I wanted something that made sense. I always prefer something that makes sense. Mountains make sense. They may be painful to climb, they may cause you to hurt all over, but at least everyone can see it coming. At least you have support, empathy, understanding. At least you aren’t playing head games with yourself. Headwinds are those invisible trials that strike on even the most pleasant of journeys. The things you can’t explain, that are invisible to the naked eye. The merciless forces that exist even when photographic evidence is in denial.
That neighbor you hate who has the perfect husband and perfect house and perfect car. Who was physically and sexually abused as a child and who lives in silent fear.
Headwind.
That friend who moved across the country on a grand adventure and wondrous journey who bought a beautiful new home with beautiful views. Who misses home every single day in the deepest part of their soul.
Headwind.
That single person who has the coolest job and rocks the night life who watches yet another baby be put into the arms of her married friend.
Headwind.
That pastor who has a heart so right with God, whose sermons everyone loves, who prays with such passionate conviction. Who opens emails daily from discontented parishioners, who holds the hurt of dozens of shattered marriages and wounded children, who receives many phone calls from the weary, but few calls to check in on their own weariness.

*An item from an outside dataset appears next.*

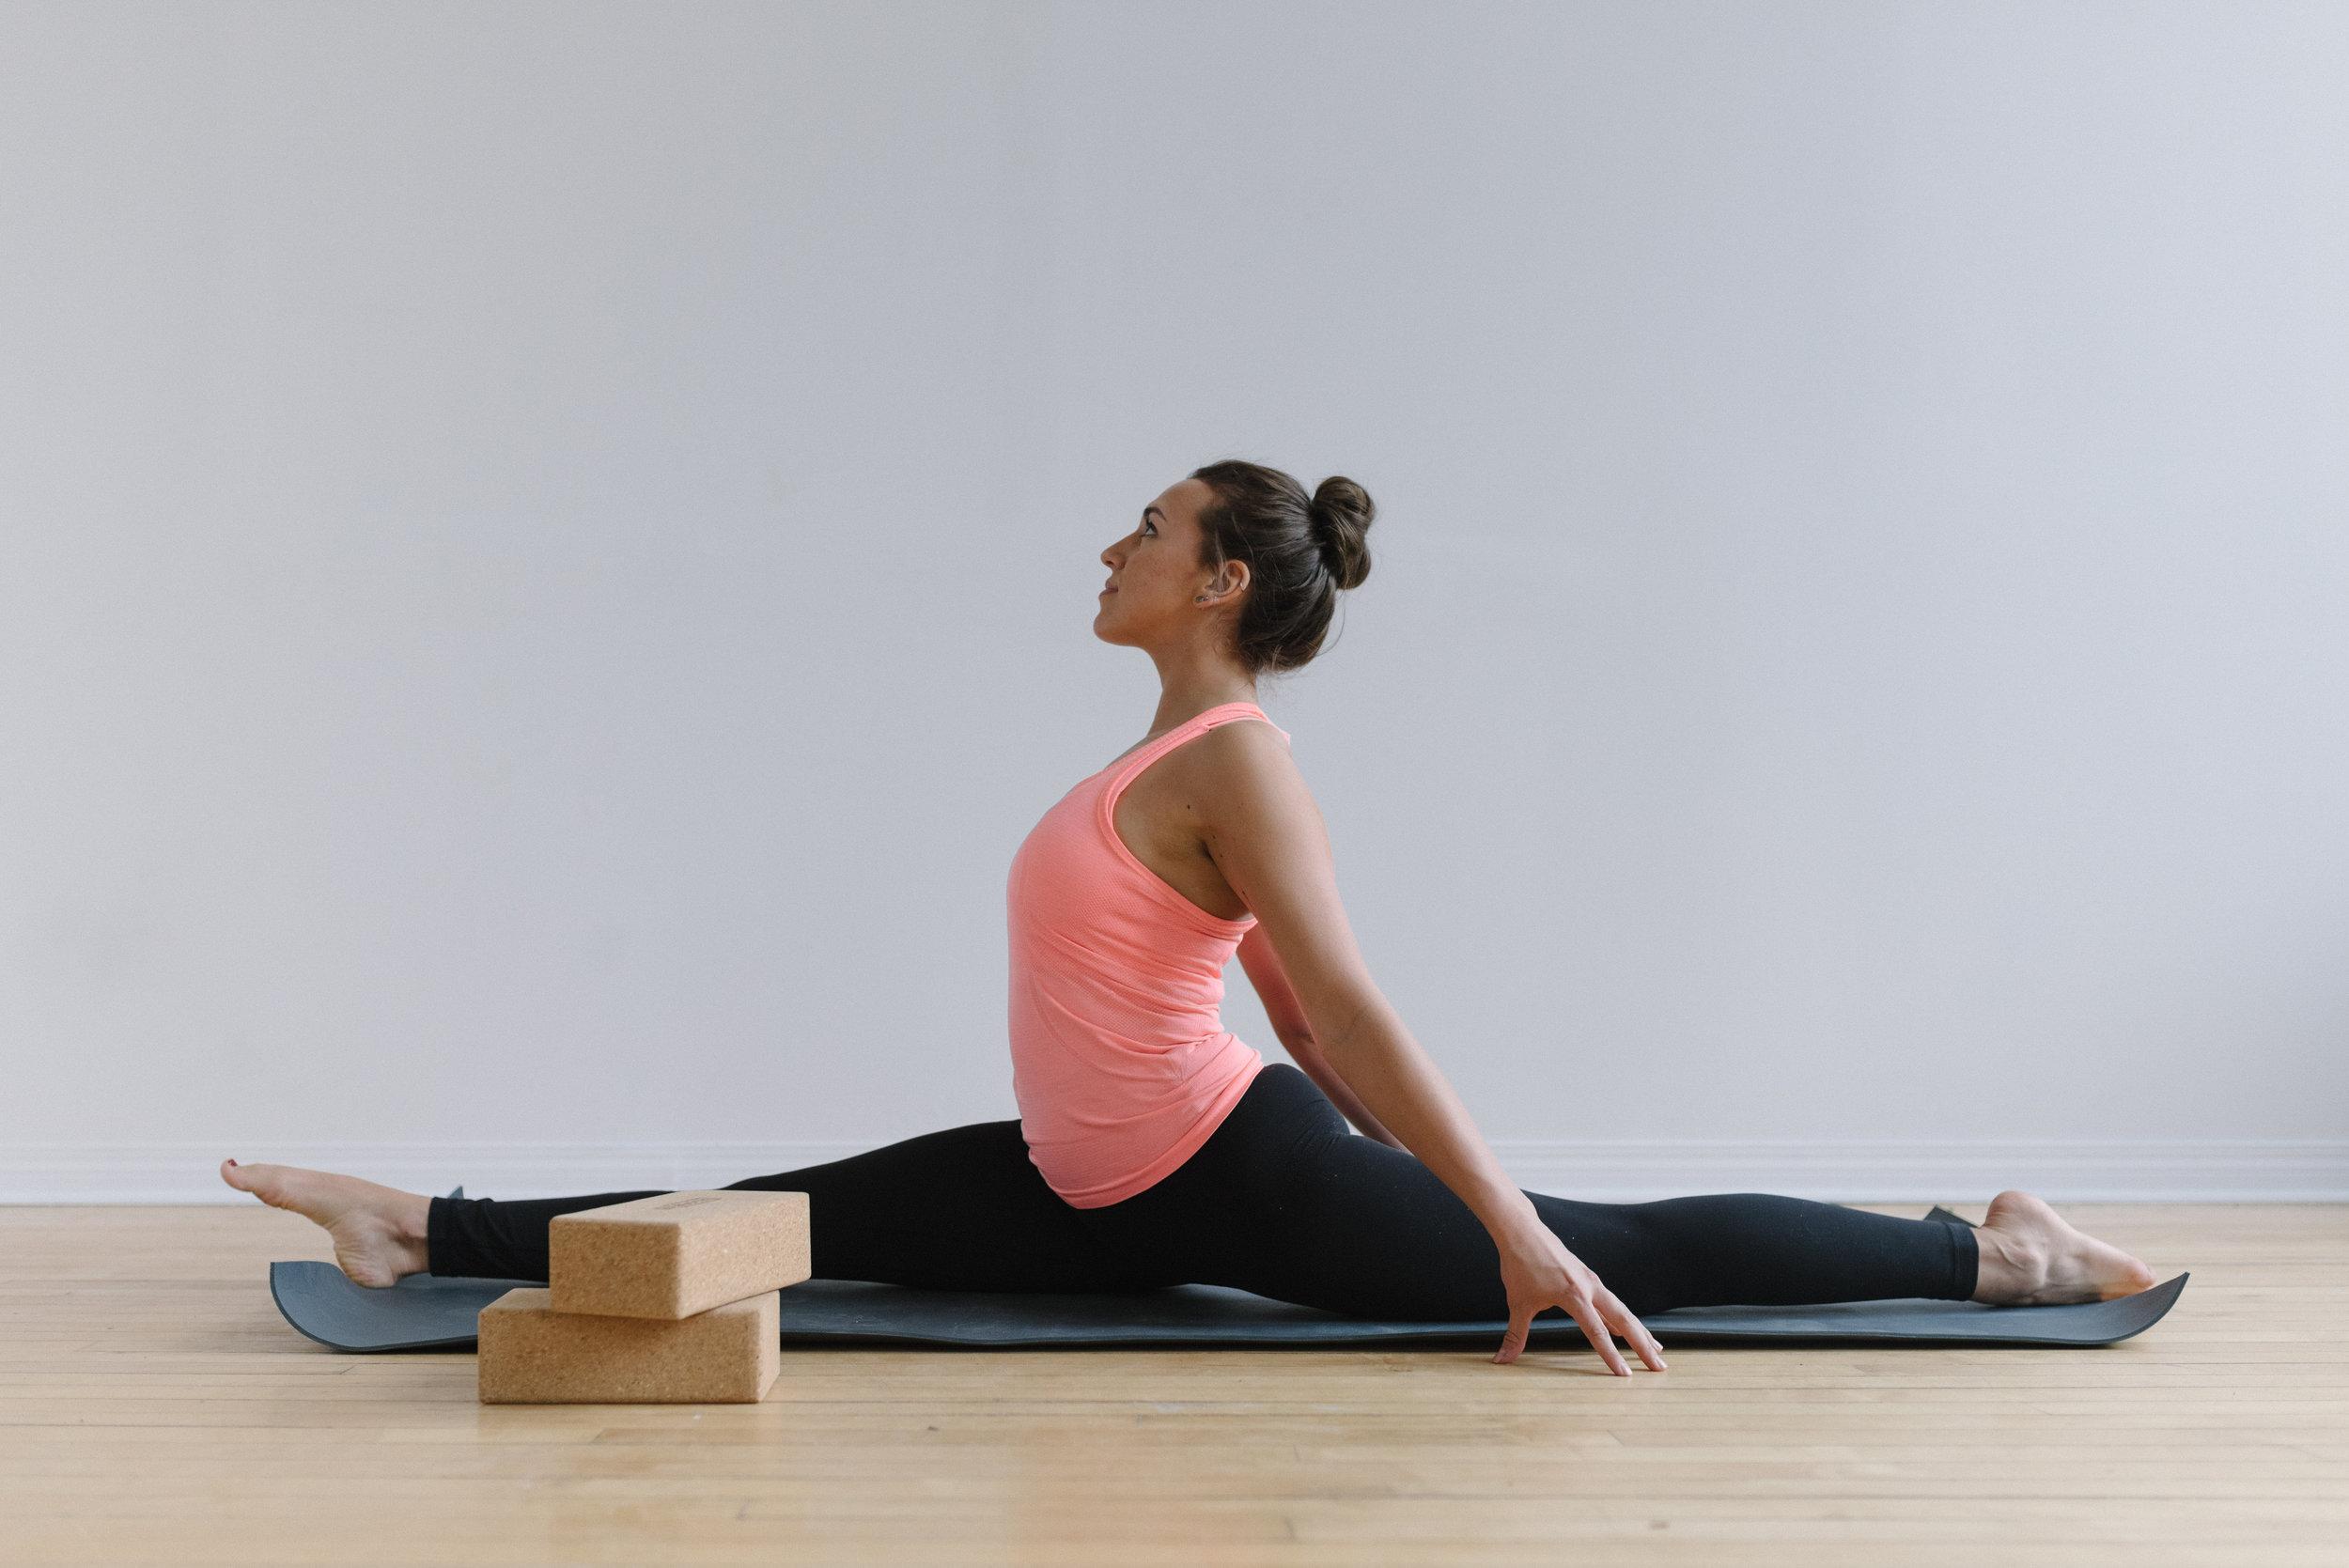 Sam+D+Squire+_+Yoga+_+Meditation+_+Splits+_+Yoga+Pose+_+Yoga+Sequence+_+At-Home+Yoga (10).jpeg

Headwind. Headwind. Headwind.
We tend to be stirred and moved by people with mountains in their path. It’s tangible. We can taste and see the loss. Mountains are real and yes, mountains are hard. But let me tell you, I’d bike Big Sur again rather than take the headwind I encountered in Marina. A mountain makes sense. A headwind leaves you confused. “What’s wrong with me? Why can’t I get to where I want to go?”
So today, if you are in a season of great headwind, know that someone out there gets it. Your painful journey is real even if no one can see it. I encourage you to press on, to know that a headwind is as authentic as a mountain. And be compassionate with yourself when you are pedaling with all your might and seeing very little progress.
And remember that even when you can’t see what is in another’s path, and you wonder why they are progressing through life at a snail’s crawl, don’t be too quick to judge.
Instead, turn your face into the wind and cheer them on.
My soul says amen! Yes, thank you!
Thanks for sharing Suz. It’s the quiet struggles that undermine so many of us. I sometimes weep over them in the private places (quiet times alone in the car, just before I edge off to sleep, or while digging deeper in my journal). Those struggles can fill me with doubt, bitter sadness, anger and waver my sense of purpose in life. God is so gentle. He meets me there and provides yet another wind block. Love you girl.